A box contains four red, three blue, and six green lenses. Two lenses are randomly selected from the box. Find the probability of getting two red lenses when two are selected if the first selection is NOT replaced before the second selection is made.
Pr=4/(13)*3/12=1/13
To find the probability of getting two red lenses without replacement, we need to consider the number of ways we can select two red lenses out of the total possible combinations of selecting any two lenses from the box.
Total number of lenses in the box = 4 (red) + 3 (blue) + 6 (green) = 13 lenses
Let's calculate the probability step-by-step:
Step 1: Calculate the number of ways to choose two red lenses out of four.
We can use the binomial coefficient formula to calculate this: C(n, r) = n! / (r! * (n-r)!)
C(4, 2) = 4! / (2! * (4-2)!)
= 4! / (2! * 2!)
= (4 * 3 * 2 * 1) / (2 * 1 * 2 * 1)
= 6
There are 6 ways to choose two red lenses out of the 4 available.
Step 2: Calculate the number of possible combinations to choose any two lenses from the box.
We can use the binomial coefficient formula to calculate this as well.
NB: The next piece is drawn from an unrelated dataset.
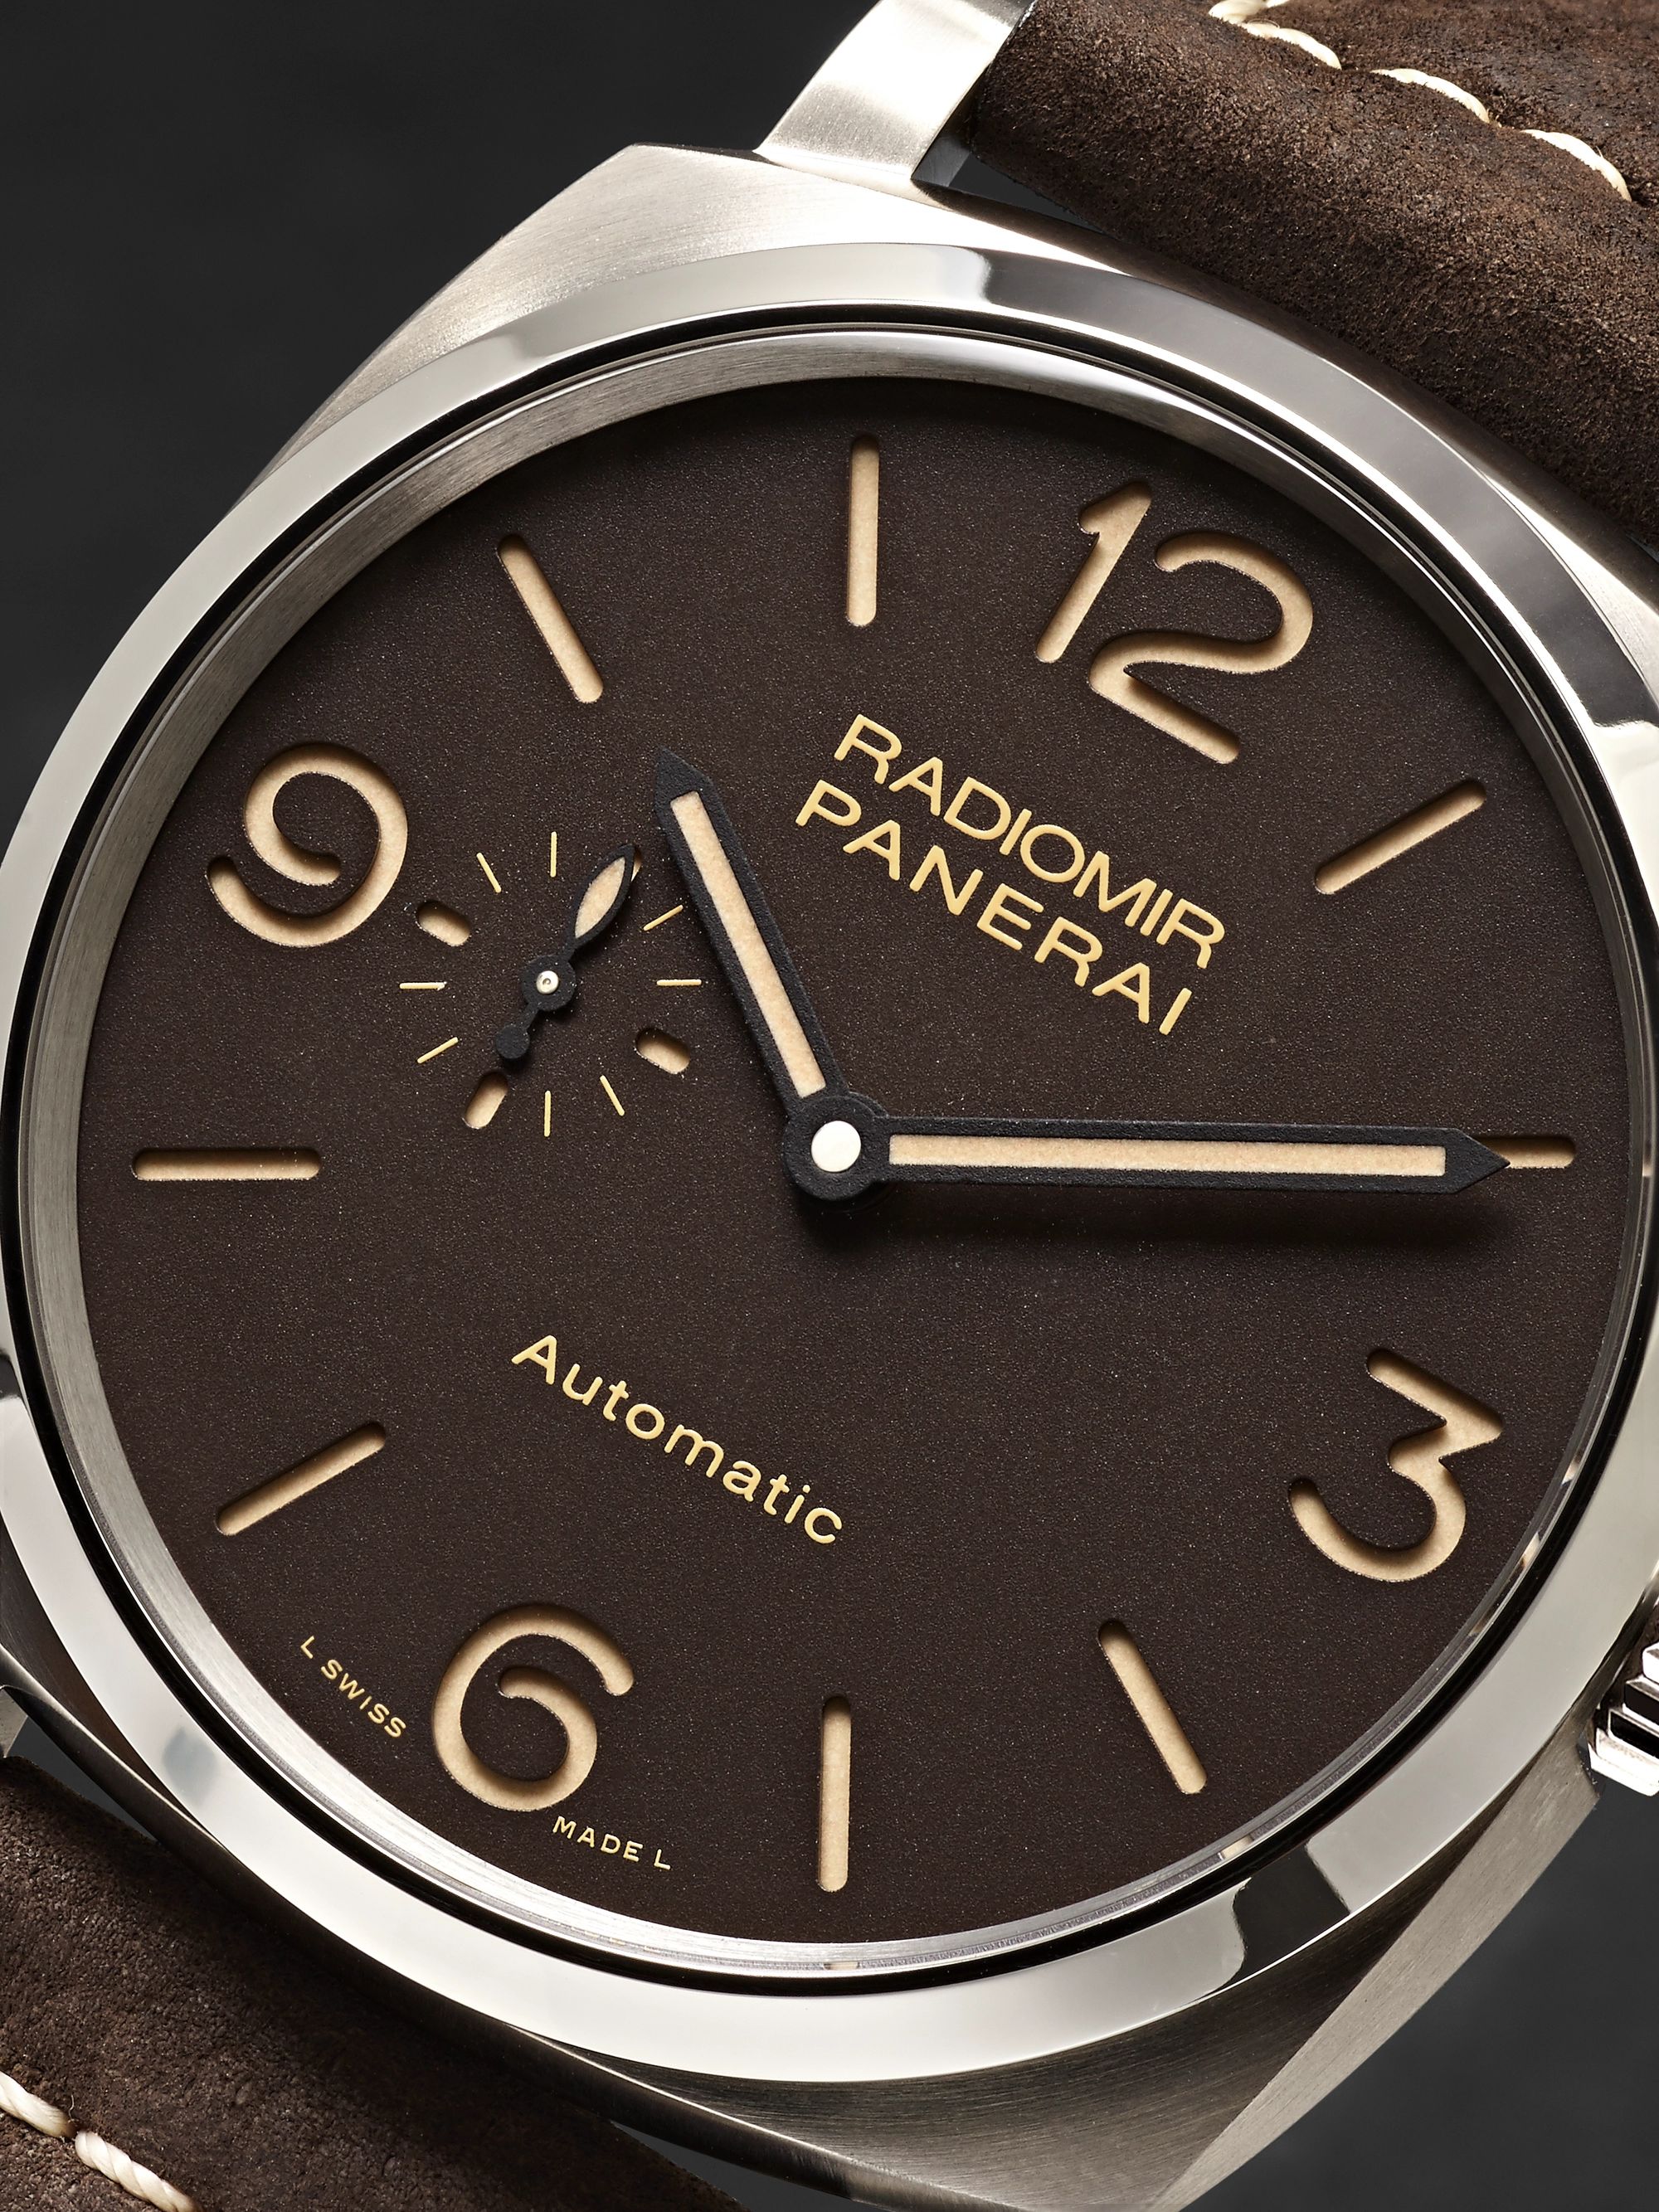 PANERAI Radiomir 1940 3 Days Automatic Titanio 45mm Titanium and Leather Watch, Ref. No. PAM00619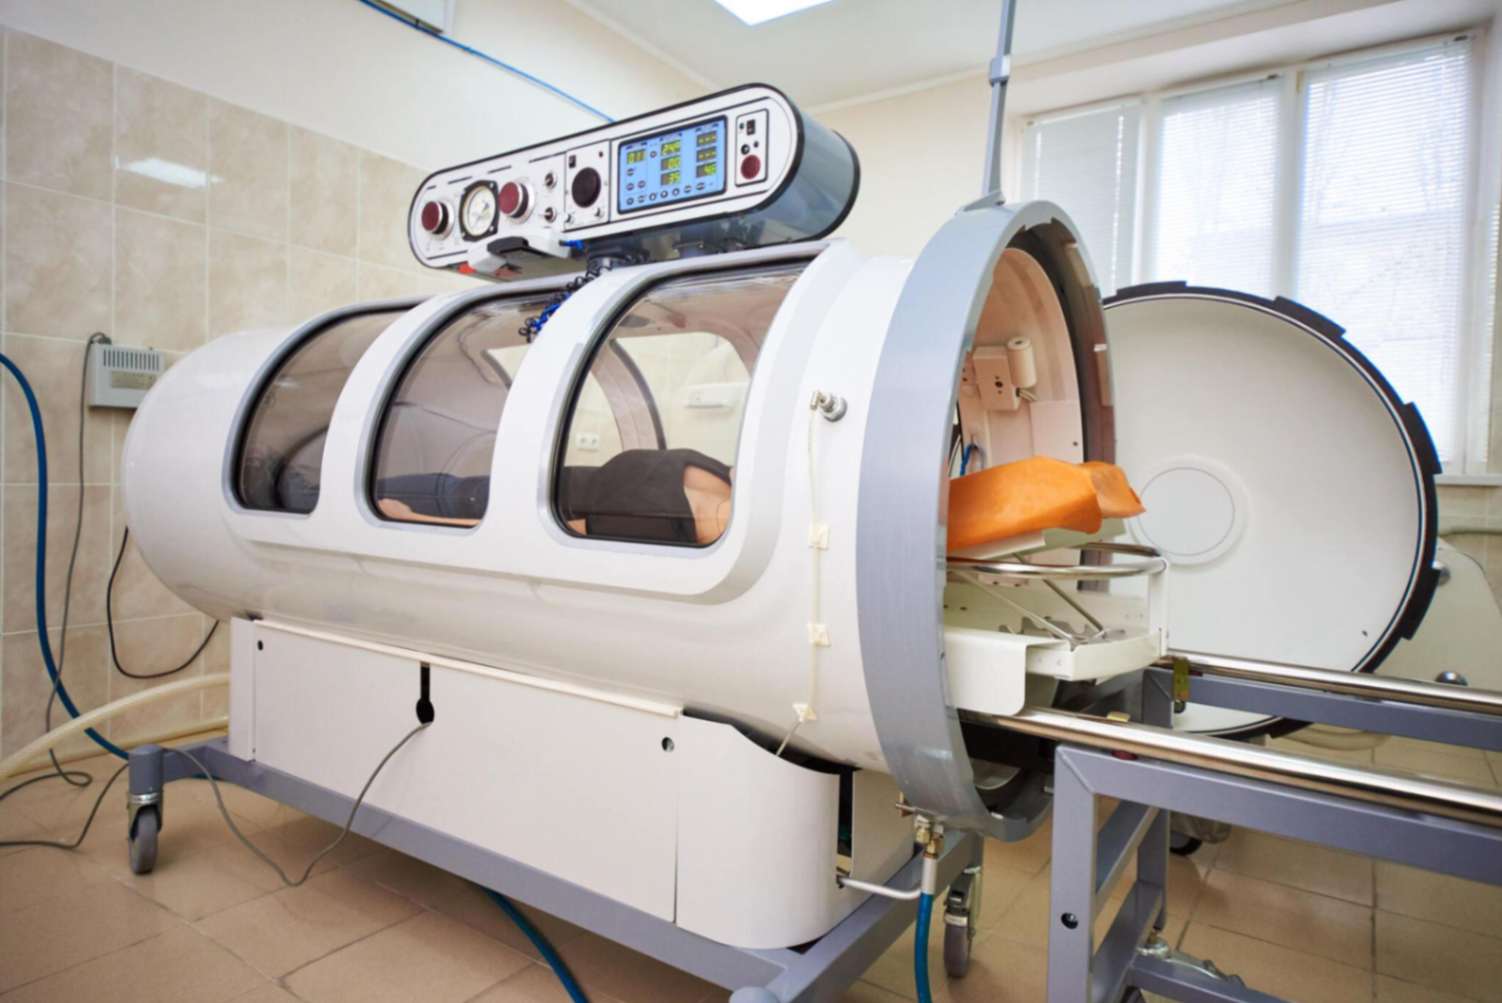 Hyperbaric oxygen chambers

C(13, 2) = 13! / (2! * (13-2)!)
= 13! / (2! * 11!)
= (13 * 12 * 11!)/ (2 * 1 * 11!)
= (13 * 12) / (2 * 1)
= 78
There are 78 possible combinations to choose any two lenses from the box.
Step 3: Calculate the probability of getting two red lenses.
The probability is given by the number of favorable outcomes (getting two red lenses) divided by the total number of possible outcomes (choosing any two lenses).
Probability of getting two red lenses = number of ways to choose two red lenses / number of possible combinations
= 6 / 78
= 1/13
Therefore, the probability of getting two red lenses when two are selected without replacement is 1/13.
To find the probability of getting two red lenses when two are selected without replacement, we need to use the concept of conditional probability.
First, let's find the probability of selecting a red lens on the first draw. There are 4 red lenses out of a total of 13 lenses in the box, so the probability of selecting a red lens on the first draw is 4/13.
Now, after selecting a red lens on the first draw, there are 3 red lenses remaining out of a total of 12 lenses in the box. So, the probability of selecting a red lens on the second draw, given that a red lens was already selected on the first draw, is 3/12.
To find the probability of both events happening (selecting a red lens on the first draw and then a red lens on the second draw), we multiply the probabilities together:
(4/13) * (3/12) = 12/156 = 1/13.
Therefore, the probability of getting two red lenses when two are selected without replacement is 1/13.